Cass. Sez. III n. 42895 del 18 novembre 2008 (Ud. 24 ott. 2008)

Pres. Lupo Est. Lombardi Ric. Benigni

Urbanistica. Immobile abusivo demolito ed estinzione del reato per sanatoria

In tema di tutela penale del territorio, ai fini di ottenere l\'estinzione del reato edilizio per sanatoria ai sensi dell\'art. 45 d.P.R. 6 giugno 2001, n. 380, l\'imputato che abbia provveduto alla demolizione del manufatto abusivamente realizzato ha l\'onere di provare documentalmente che l\'opera fosse conforme agli strumenti urbanistici vigenti all\'epoca della sua realizzazione.
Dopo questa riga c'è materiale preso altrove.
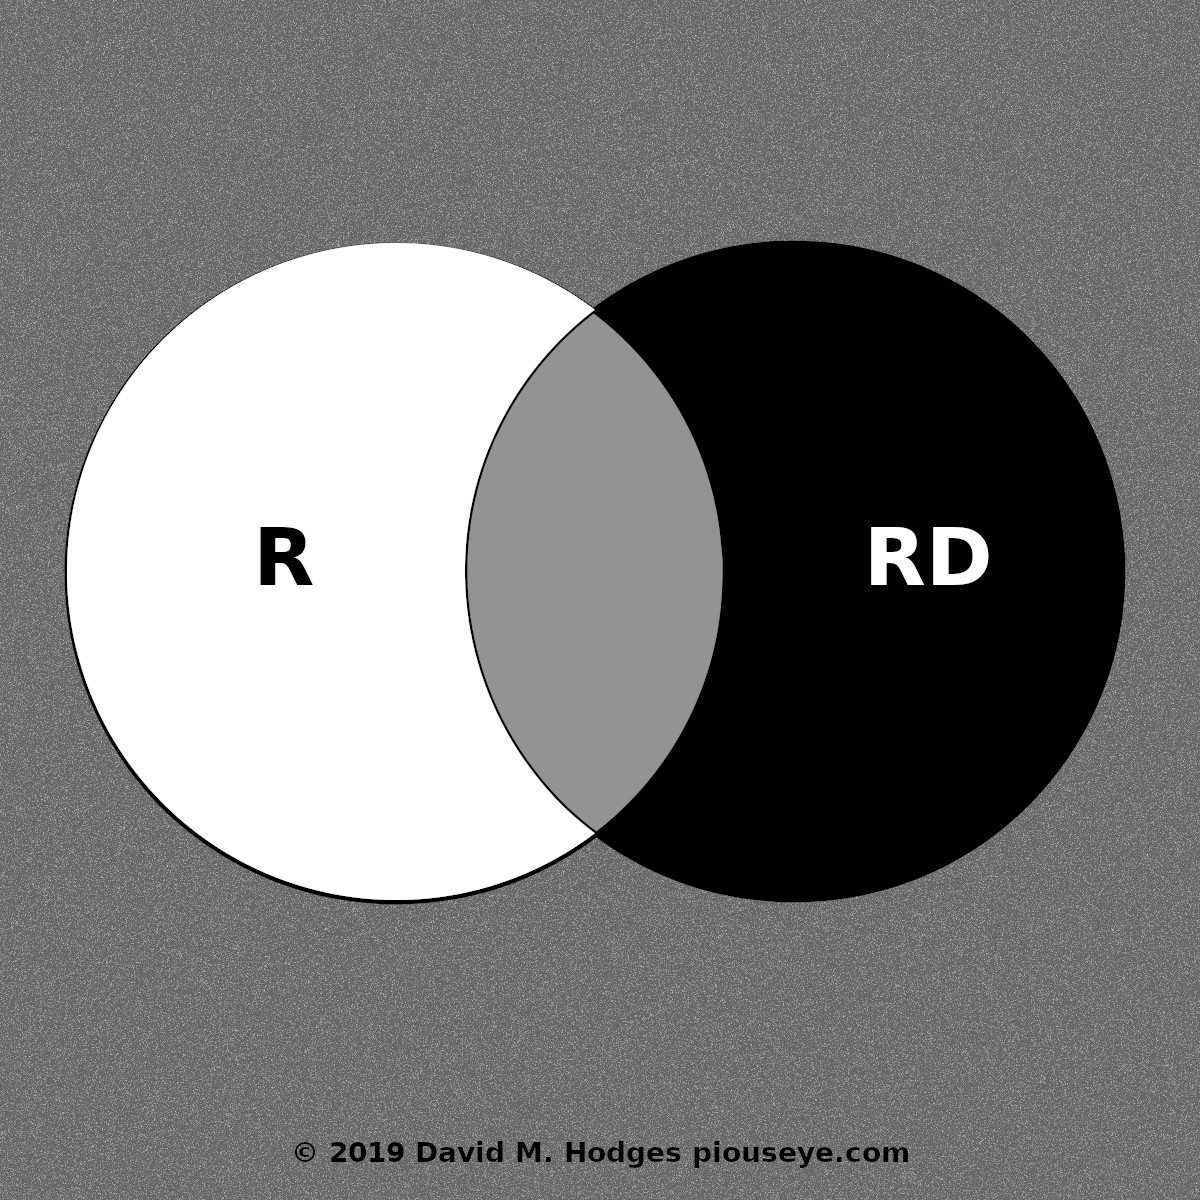 Venn diagram of sets R and RD

LA CORTE SUPREMA DI CASSAZIONE

SEZIONE TERZA PENALE

Composta dagli Ill.mi Sigg.ri Magistrati:

Dott. LUPO Ernesto - Presidente -

Dott. LOMBARDI Alfredo Maria - Consigliere -

Dott. FIALE Aldo - Consigliere -

Dott. MARMO Margherita - Consigliere -

Dott. AMORESANO Silvio - Consigliere -

ha pronunciato la seguente:

sentenza

Sul ricorso proposto dal:

Avv. GIULIANI Alessandro, difensore di fiducia di B.E.,

n. a (OMISSIS);

avverso la sentenza in data 31.3.2008 della Corte di Appello di

Firenze, con la quale, in parziale riforma di quella del Tribunale di

Pistoia, sezione distaccata di Monsummano Terme, in data 23.2.2007,

venne condannato alla pena di giorni quindici arresto ed Euro

20.000,00, di ammenda, pena detentiva sostituita con quella

pecuniaria corrispondente, quale colpevole del reato di cui al D.P.R.
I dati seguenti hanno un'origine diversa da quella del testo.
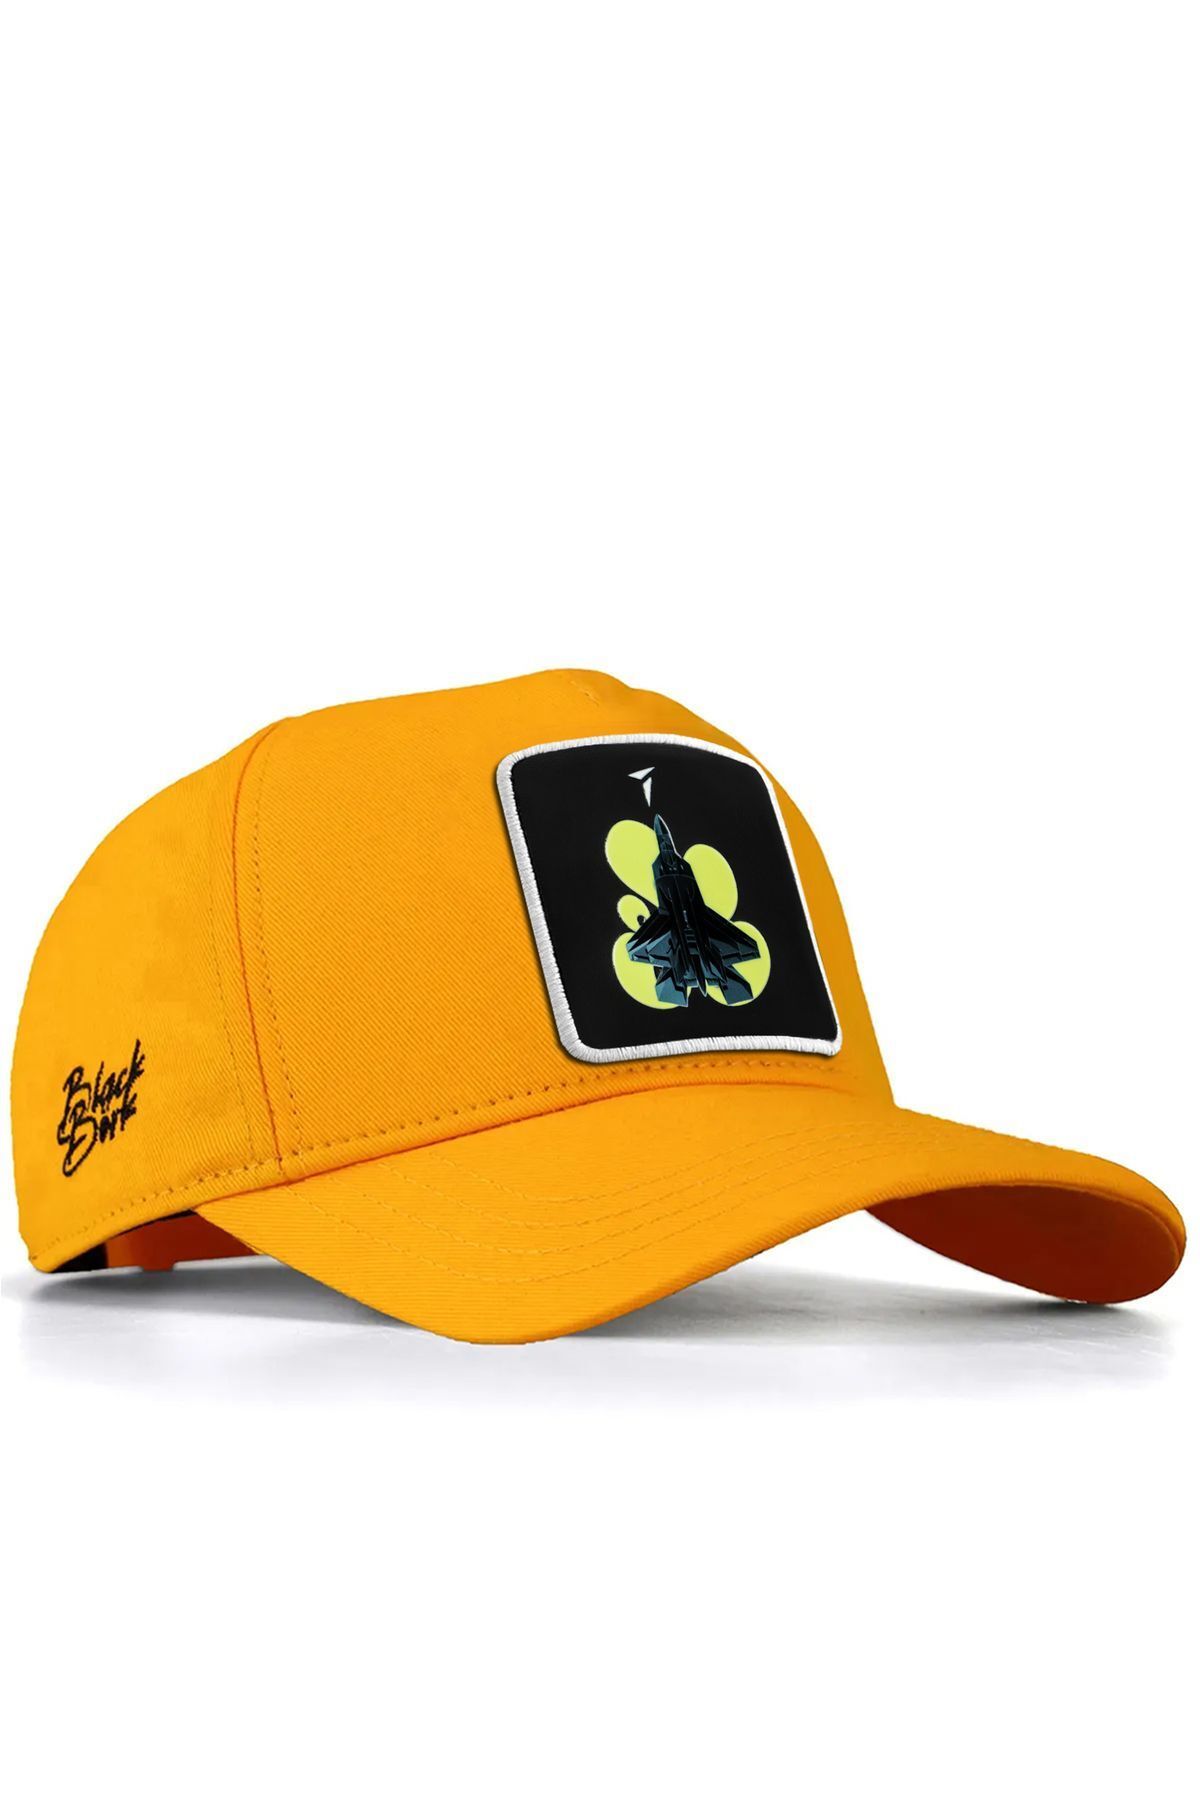 BlackBörk V1 Baseball Manevra Kaan Lisanlı Sarı Şapka

n. 380 del 2001, art. 44, lett. b).

Visti gli atti, la sentenza denunziata ed il ricorso;

Udita in pubblica udienza la relazione del Consigliere Dott. LOMBARDI

Alfredo Maria;

Udito il P.M., in persona del Sost. Procuratore Generale Dott.

FRATICELLI Mario, che ha concluso per l'annullamento con rinvio della

sentenza.

 

SVOLGIMENTO DEL PROCESSO

Con la sentenza impugnata la Corte di Appello di Firenze ha confermato la pronuncia di colpevolezza di B.E. in ordine al reato di cui al D.P.R. n. 380 del 2001, art. 44, lett. b), ascrittogli per avere realizzato un manufatto, occupante la superficie di mq. 69,67, senza il permesso di costruire.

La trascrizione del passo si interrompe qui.